Ilpo Järvinen <ilpo.jarvinen@xxxxxxxxxxxxxxx> · Tue, 18 Jan 2022 16:13:42 +0200 (EET)

On Thu, 13 Jan 2022, Ricardo Martinez wrote:

> From: Haijun Liu <haijun.liu@xxxxxxxxxxxx>
> 
> Cross Layer DMA (CLDMA) Hardware interface (HIF) enables the control
> path of Host-Modem data transfers. CLDMA HIF layer provides a common
> interface to the Port Layer.
> 
> CLDMA manages 8 independent RX/TX physical channels with data flow
> control in HW queues. CLDMA uses ring buffers of General Packet
> Descriptors (GPD) for TX/RX. GPDs can represent multiple or single
> data buffers (DB).
> 
> CLDMA HIF initializes GPD rings, registers ISR handlers for CLDMA
> interrupts, and initializes CLDMA HW registers.
> 
> CLDMA TX flow:
> 1. Port Layer write
> 2. Get DB address
> 3. Configure GPD
> 4. Triggering processing via HW register write
> 
> CLDMA RX flow:
> 1. CLDMA HW sends a RX "done" to host
> 2. Driver starts thread to safely read GPD
> 3. DB is sent to Port layer
> 4. Create a new buffer for GPD ring
> 
> Signed-off-by: Haijun Liu <haijun.liu@xxxxxxxxxxxx>
> Signed-off-by: Chandrashekar Devegowda <chandrashekar.devegowda@xxxxxxxxx>
> Co-developed-by: Ricardo Martinez <ricardo.martinez@xxxxxxxxxxxxxxx>
> Signed-off-by: Ricardo Martinez <ricardo.martinez@xxxxxxxxxxxxxxx>
> ---

In general, I felt it to be quite clean and understandable.

> +#define CLDMA_NUM 2

I tried to understand its purpose but it seems that only one of the 
indexes is used in the arrays where this define gives the size?
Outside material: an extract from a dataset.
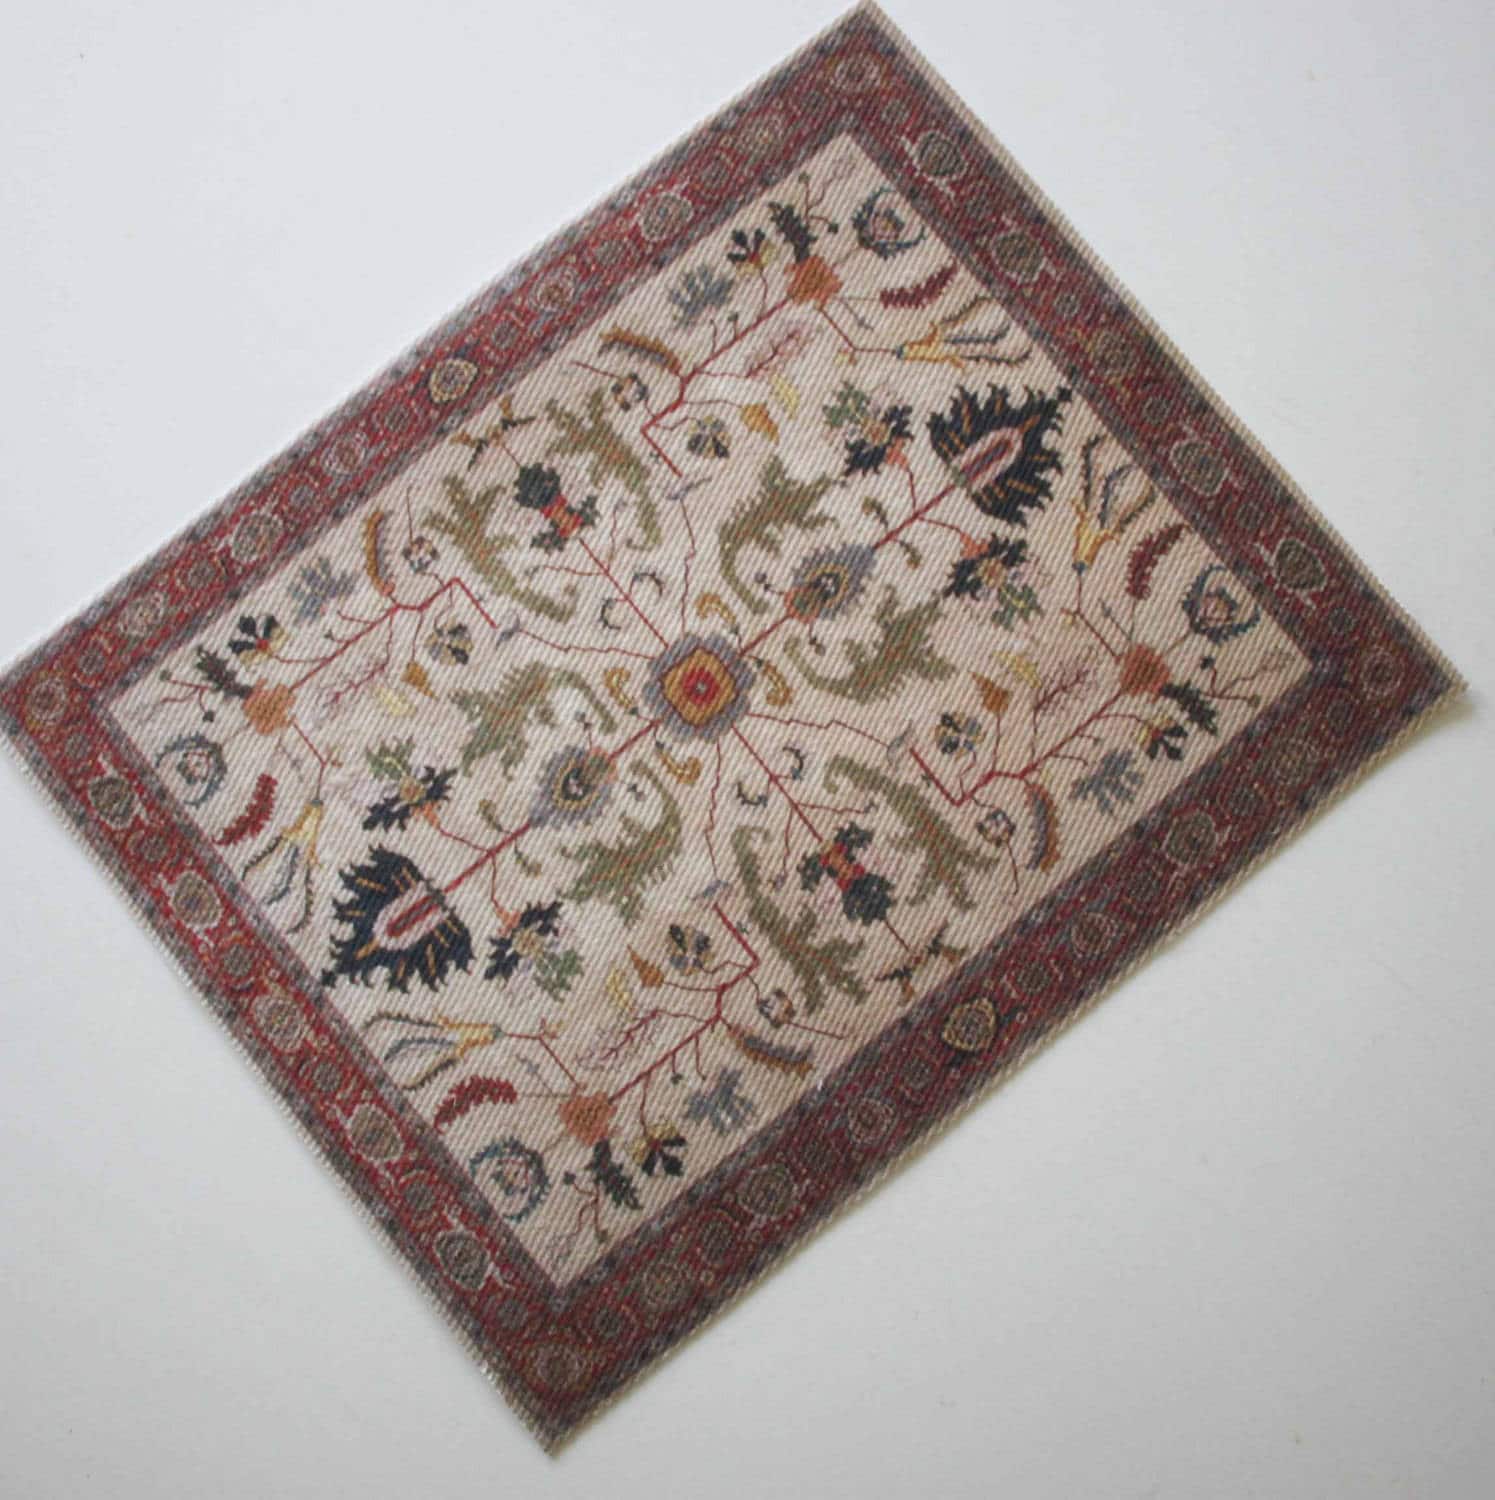 1:12 Scale Dollhouse Area Rug 0002058 approximately 5" x 7-1/2"

Related to 
this, ID_CLDMA0 is not used anywhere?

> +static int t7xx_cldma_gpd_rx_collect(struct cldma_queue *queue, int budget)
> +{
> +	struct cldma_ctrl *md_ctrl = queue->md_ctrl;
> +	bool rx_not_done, over_budget = false;
> +	struct t7xx_cldma_hw *hw_info;
> +	unsigned int l2_rx_int;
> +	unsigned long flags;
> +	int ret;
> +
> +	hw_info = &md_ctrl->hw_info;
> +
> +	do {
> +		rx_not_done = false;
> +
> +		ret = t7xx_cldma_gpd_rx_from_q(queue, budget, &over_budget);
> +		if (ret == -ENODATA)
> +			return 0;
> +
> +		if (ret)
> +			return ret;
> +
> +		spin_lock_irqsave(&md_ctrl->cldma_lock, flags);
> +		if (md_ctrl->rxq_active & BIT(queue->index)) {
> +			if (!t7xx_cldma_hw_queue_status(hw_info, queue->index, MTK_RX))
> +				t7xx_cldma_hw_resume_queue(hw_info, queue->index, MTK_RX);
> +
> +			l2_rx_int = t7xx_cldma_hw_int_status(hw_info, BIT(queue->index), MTK_RX);
> +			if (l2_rx_int) {
> +				t7xx_cldma_hw_rx_done(hw_info, l2_rx_int);
> +
> +				if (over_budget) {
> +					spin_unlock_irqrestore(&md_ctrl->cldma_lock, flags);
> +					return -EAGAIN;
> +				}
> +
> +				rx_not_done = true;
> +			}
> +		}
> +
> +		spin_unlock_irqrestore(&md_ctrl->cldma_lock, flags);
> +	} while (rx_not_done);
> +
> +	return 0;
> +}

Minor naming nit, rx_not_done doesn't seem to really tell if rx was being
done or not but whether the loop should run another iteration?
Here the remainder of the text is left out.